I had Piranha Fury Rules along the top for ages, but then it went


----------



## MR.FREEZ (Jan 26, 2004)

it lost its fun now


----------



## RAYMAN45 (Oct 2, 2004)

??????


----------



## dan-uk (Oct 31, 2004)

i suck at this


----------



## Guest (Jul 25, 2005)

Just blank for me









--Dan


----------



## elTwitcho (Jun 22, 2004)

How weak, people aren't even writing anything, they just keep jacking your sh*t when you try and write something


----------



## eL ChiNo LoCo (Apr 16, 2004)

Hahaha someones spelling piranha and im trying to help them.


----------



## Scrap5000 (Mar 4, 2005)

hahaha - someone keeps trying to write piranha up top


----------



## Burf (Nov 3, 2003)

Scrap5000 said:


> hahaha - someone keeps trying to write piranha up top
> [snapback]1130330[/snapback]​


haha, snap!!


----------



## Scrap5000 (Mar 4, 2005)

Scrap5000 said:


> hahaha - someone keeps trying to write piranha up top
> [snapback]1130330[/snapback]​


yay, we got it


----------



## Burf (Nov 3, 2003)

damn, i give up!


----------



## mori0174 (Mar 31, 2004)

someone keeps stealing my letters from piranha.


----------



## nismo driver (Jan 27, 2004)

boo yaa


----------



## Puff (Feb 14, 2005)

who's the asshole that keeps breaking up my sh!t...


----------



## nismo driver (Jan 27, 2004)

sweet someone was just working with me to put up

www piranha fury com!!

xenon we hooked you up with some advertising


----------



## Puff (Feb 14, 2005)

i almost had "Puff is stoned" then some asshole changed it to"puff is gay"...lol


----------



## eL ChiNo LoCo (Apr 16, 2004)

hahhahah NISMO IS G... THAT WAS ME hahah


----------



## elTwitcho (Jun 22, 2004)

eL ChiNo LoCo said:


> hahhahah NISMO IS G... THAT WAS ME hahah
> [snapback]1130514[/snapback]​


uh, no it wasn't...

shortest name of anyone in there, wanted to do "taylor hedrich" but no fuckin chance


----------



## nismo driver (Jan 27, 2004)

eL ChiNo LoCo said:


> hahhahah NISMO IS G... THAT WAS ME hahah
> [snapback]1130514[/snapback]​


lol i kept scattering your letters when you where trying to put your name up top..


----------



## eL ChiNo LoCo (Apr 16, 2004)

Bastard!!! Hahah this is so fun.


----------



## RAYMAN45 (Oct 2, 2004)

i get it

i got rayman and zach into it


----------



## eL ChiNo LoCo (Apr 16, 2004)

I was trying to put "is gay" under nismos name.

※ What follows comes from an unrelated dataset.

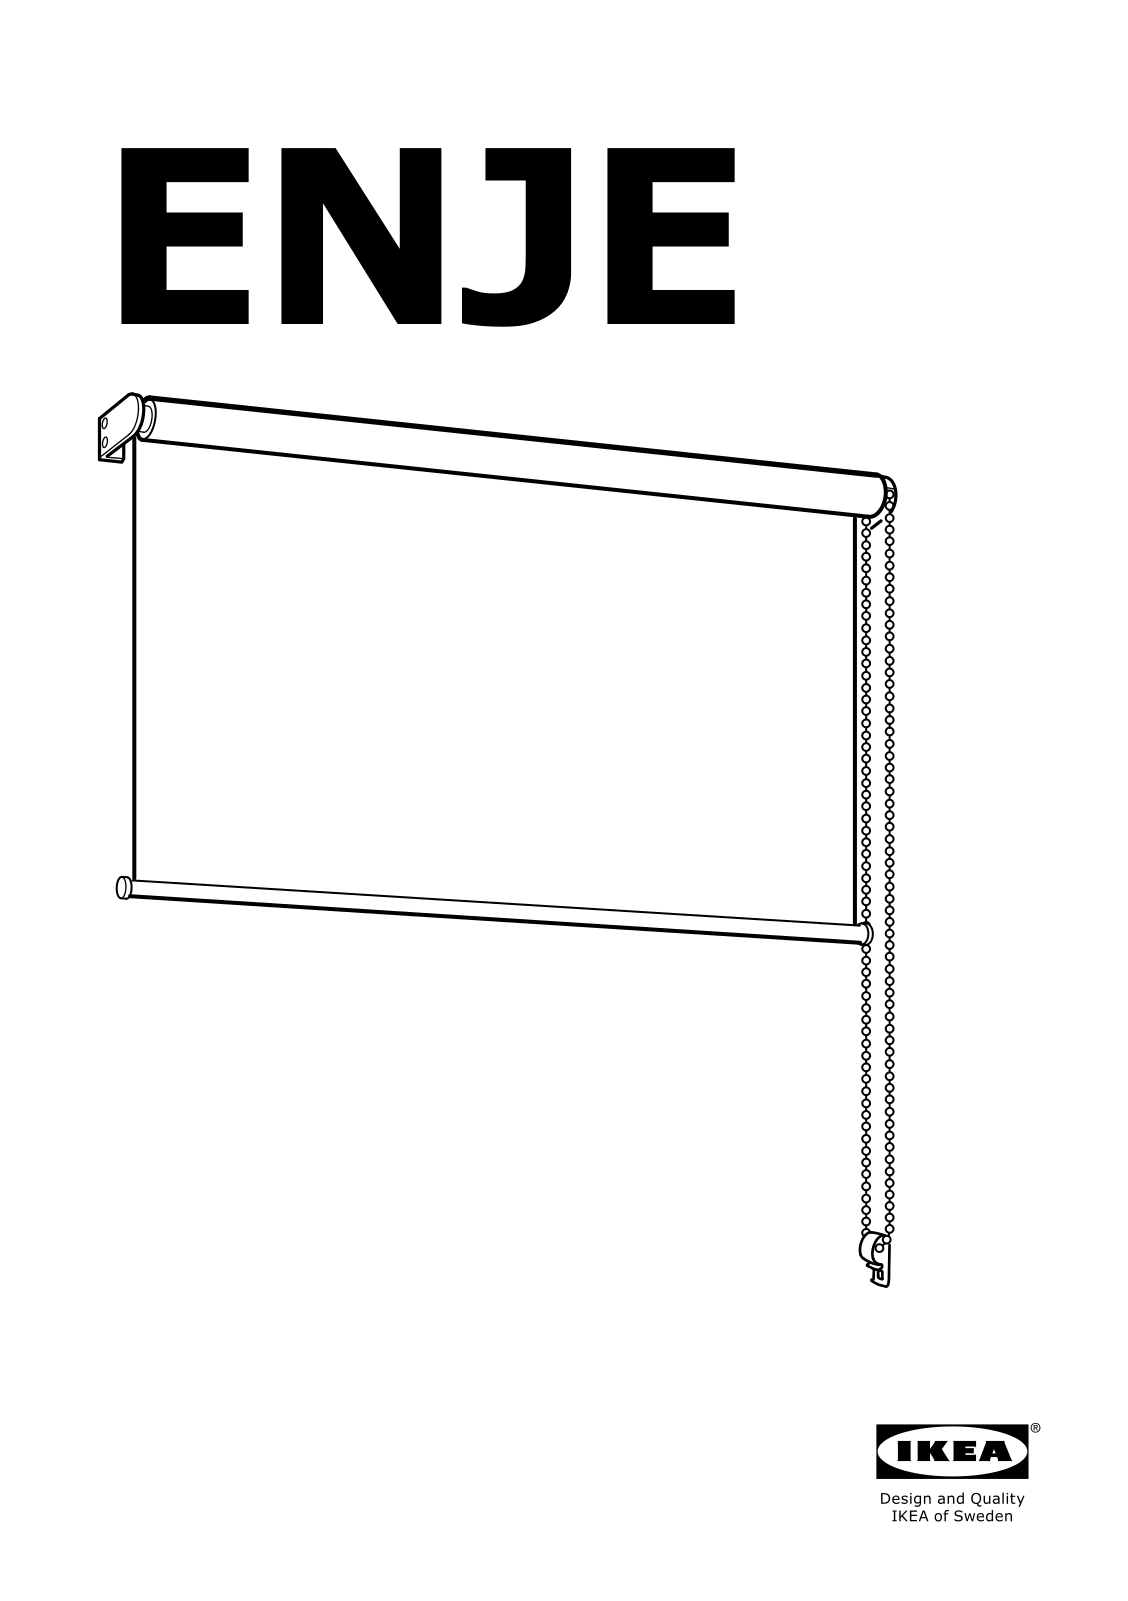 IKEA ENJE User Manual

LMAO WHO PUT EL BITCHO p*ssy?!?!?


----------



## RAYMAN45 (Oct 2, 2004)

you were stealing my a's


----------



## nismo driver (Jan 27, 2004)

eL ChiNo LoCo said:


> I was trying to put "is gay" under nismos name.
> 
> LMAO WHO PUT EL BITCHO p*ssy?!?!?
> [snapback]1130528[/snapback]​


i got half that

you guys keep putting nismo is gay and i turned it into nismo is da bomb!!

LOLOLOLOLOL


----------



## eL ChiNo LoCo (Apr 16, 2004)

Hahaha I know I was apart of the NISMO IS GAY lolol


----------



## crazyklown89 (Aug 28, 2003)

Aw f*ck you guys. You bastards wouldn't let me keep my "u". Just playing that game makes me wanna kill something.


----------



## eL ChiNo LoCo (Apr 16, 2004)

Got CHINO up yessss!


----------



## Scrap5000 (Mar 4, 2005)

eL ChiNo LoCo said:


> Got CHINO up yessss!
> [snapback]1130567[/snapback]​


Saw that, I put "EL" before it for ya


----------



## Scrap5000 (Mar 4, 2005)

nismo driver said:


> sweet someone was just working with me to put up
> 
> www piranha fury com!!
> 
> ...


That was me


----------



## RAYMAN45 (Oct 2, 2004)

its hard on a lap top


----------



## eL ChiNo LoCo (Apr 16, 2004)

Haha thank you then someone put sucks after it lol


----------



## RAYMAN45 (Oct 2, 2004)

this is fun


----------



## eL ChiNo LoCo (Apr 16, 2004)

http://web.okaygo.co.uk/apps/letters/flashcom/index80.htm


----------



## RAYMAN45 (Oct 2, 2004)

whos writeing 
usa 
sucks
dick

go f*ck your self


----------



## dan-uk (Oct 31, 2004)

stop stealing my letters punk lol


----------



## Guest (Jul 25, 2005)

WHO KEEPS PUTTIN "TITS"!










--Dan


----------



## Guest (Jul 25, 2005)

Keep putting the letters in my right hand corner









--Dan


----------



## Puff (Feb 14, 2005)

i was helping/adding the 'is gay' with chino and nismo's name.lol.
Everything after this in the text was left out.